Ice Box Bakery also has a frozen, ready- to- slice Gluten-free Chocolate Chip Cookies. These are fun because the kids really feel like they are having regular cookies and they are technically “homemade.” Gluten-Free Cookie Jar Company’s Chocolate chunk cookie, Sugar cookies, Double chocolate chip cookies, Vegan-chocolate chip cookie, Chocolate chip brownie, Mint chip brownie and Cheesecake swirl are out of this world!

Another healthy alternative to cookies, are the coconut milk based “ice creams” made by Luna and Larry’s Coconut Bliss, which are sweetened with agave nectar not sugar!  Some of our favorites are Chocolate Hazelnut, Dark Chocolate, Vanilla Island, Mint Galactica, Naked Coconut, and Naked Almond Fudge! Yum! So Delicious also makes a good “ice cream” and has products using soy milk as well as coconut milk.

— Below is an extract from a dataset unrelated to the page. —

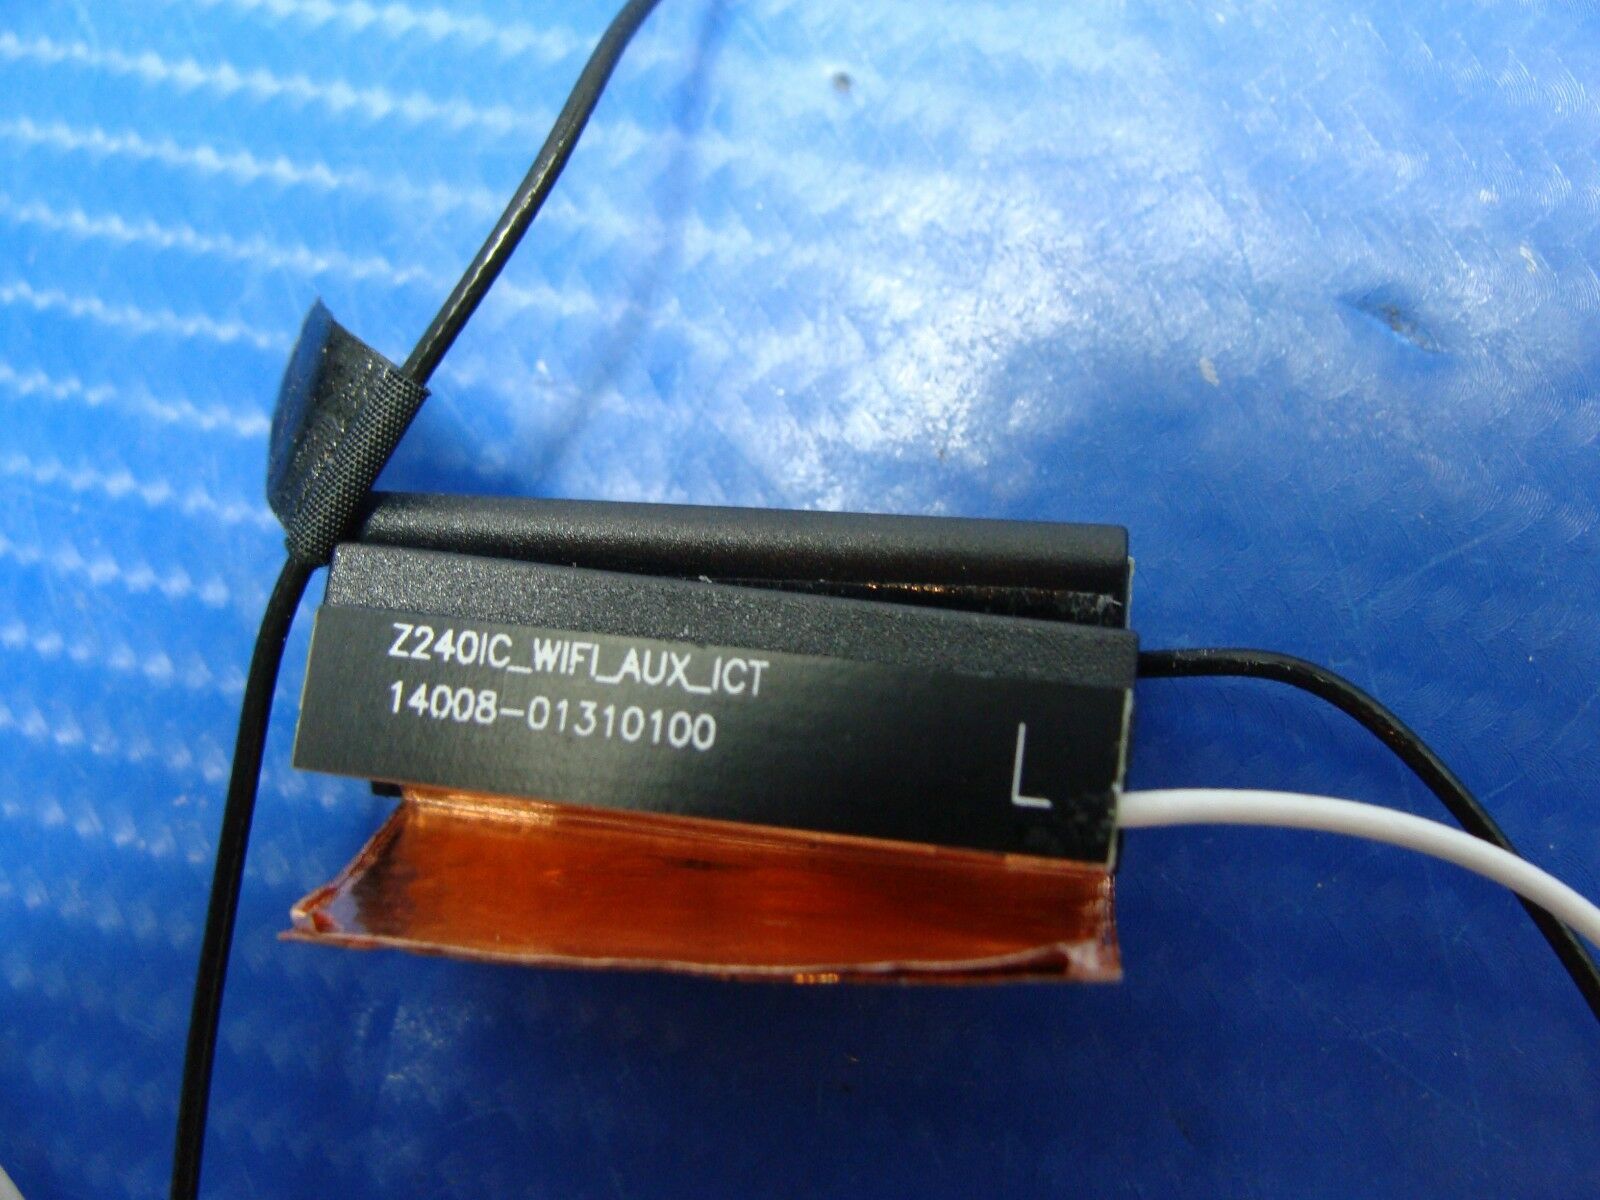 Asus Zen AiO Pro Z240IC 23.8

What else can I do other than take gluten out of my diet?

As I mentioned before, taking gluten out of my son’s diet was just part of our approach. When an individual has a gluten sensitivity, they have also had problems digesting and assimilating the nutrients in their food so they often will have nutritional deficiencies. Not only must you take the culprit (in this case gluten) out but you also have to build up their nutritional profile through vitamins and good food choices.

The gluten-free approach may not work for everyone but, if it does, it can literally change your life.